Митина любовь (Сборник) - Иван Бунин
Шрифт:
Интервал:
Закладка:
XIV
– He помню и того, кто из нас стал раньше писать… Я переломил карандашик пополам… Мы стали писать, и писали все время молча. Я написал, кажется, прежде всего отцу… Вы спрашиваете, почему я упрекал его, что он «не хотел моего счастья», когда я даже и не пытался ни разу просить его согласия на мой брак с ней? Не знаю… Ведь он все равно не согласился бы… Потом я писал однополчанам, прощался с ними… Потом… кому еще? Командиру полка – о том, чтобы меня прилично похоронили. Вы говорите: значит, у меня была уверенность, что я покончу с собой? Конечно. Но как же все-таки я не сделал этого? Не знаю…
А она, помню, писала медленно, останавливаясь и обдумывая что-то: напишет слово и исподлобья глядит в стену… Рвала записки она сама, а не я. Писала, рвала и бросала куда попало… Мне кажется, что и в могиле не будет так страшно, как когда мы в этот поздний час, в этой тишине, под этим фонарем, писали все эти ненужные записки… Это была ее воля писать их. Я вообще беспрекословно повиновался всему тому, что она приказывала мне в эту ночь вплоть до самого последнего момента…

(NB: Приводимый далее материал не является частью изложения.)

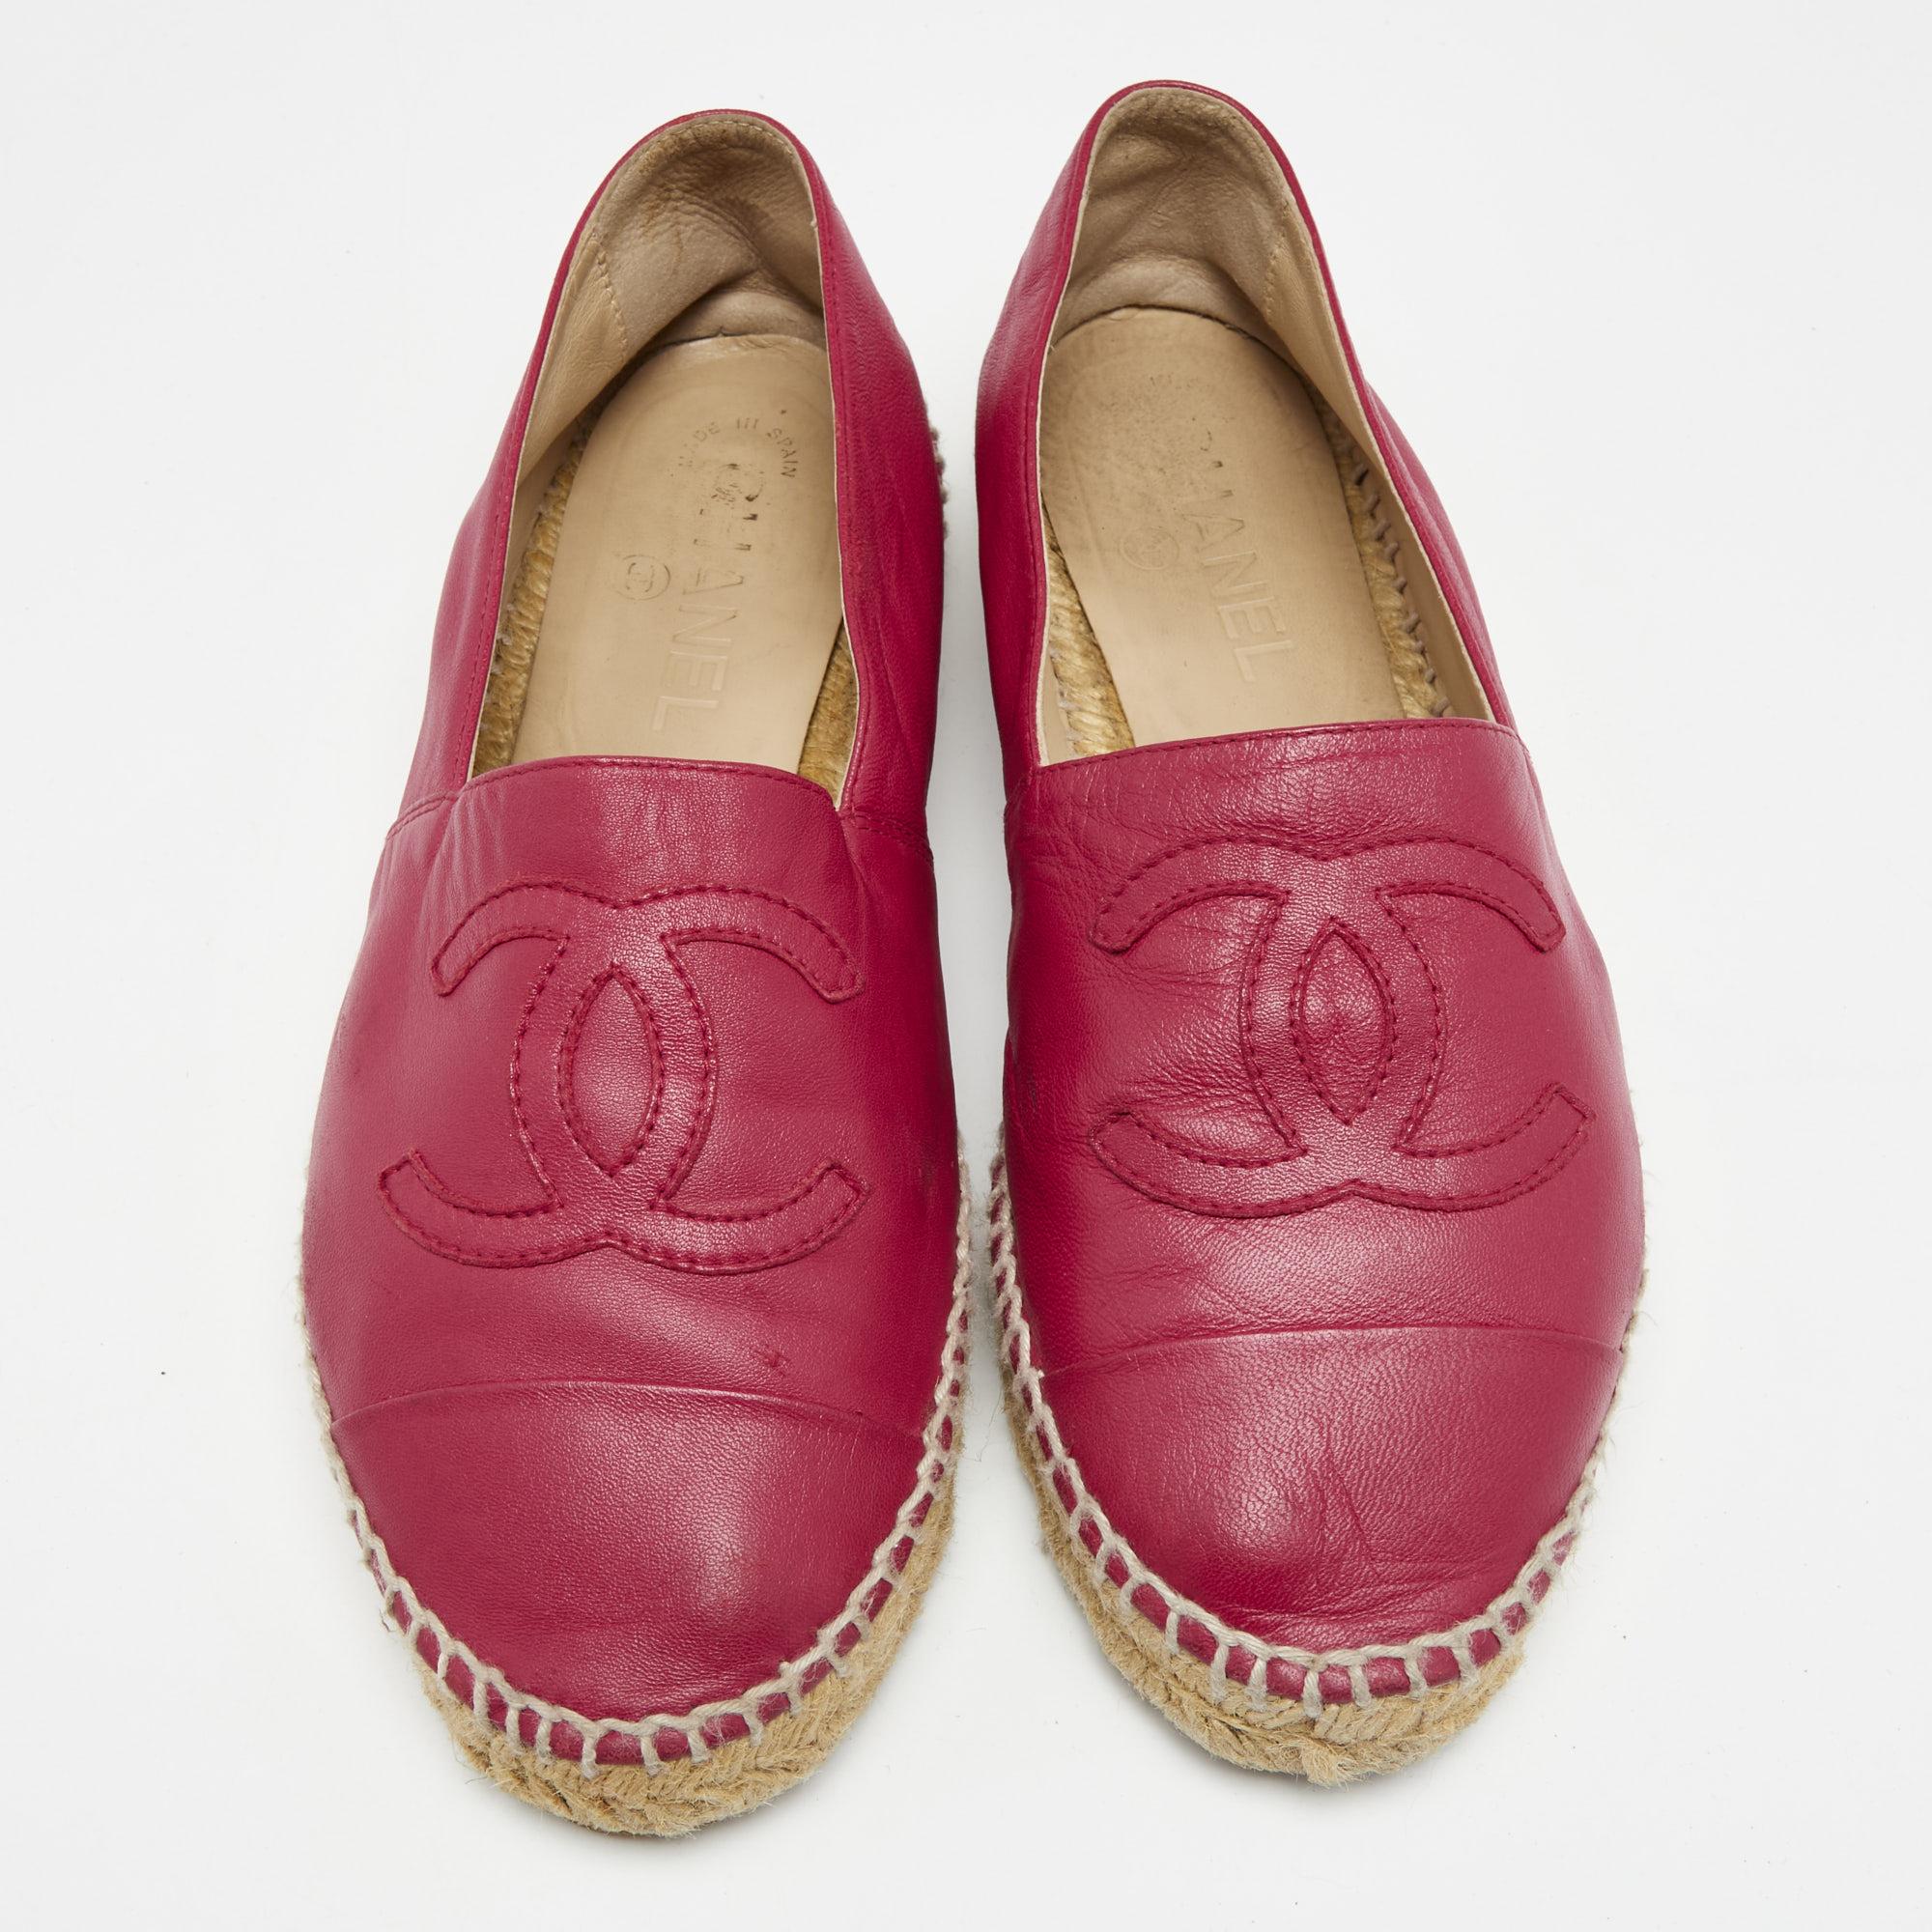 Chanel shoes are known for their unique designs that emanate the label's feminine verve and immaculate craftsmanship that makes their creations last season after season. Crafted from leather, these espadrille flats are a great combination of style

Вдруг она сказала: «Довольно. И уж если делать, так скорее. Дай же мне портеру, благослови, матерь божия!» Я налил стакан портеру, и она, приподнявшись, решительно бросила в него щепотку порошку. Выпив больше половины, она остальное велела допить мне. Я выпил. Она же заметалась и, хватая меня за руки, стала просить: «А теперь убей, убей меня! Убей ради нашей любви!»
Как именно я сделал это? Я, кажется, обнял ее левой рукой – да, конечно, левой – и прильнул к ее губам. Она говорила: «Прощай, прощай…» Или нет: «Здравствуй, теперь уже навсегда… Если не удалось здесь, то там, наверху…» Я прижался к ней и держал палец на спуске револьвера… Помню, я чувствовал, как дергалось все мое тело… А потом как-то сам собой дернулся палец… Она успела сказать по-польски: «Александр, мой возлюбленный!»
В котором часу это было? Думаю, что в три. Что я делал после того еще два часа? Но я с час шел до Лихарева. А остальное время я сидел возле нее, потом зачем-то приводил все в порядок…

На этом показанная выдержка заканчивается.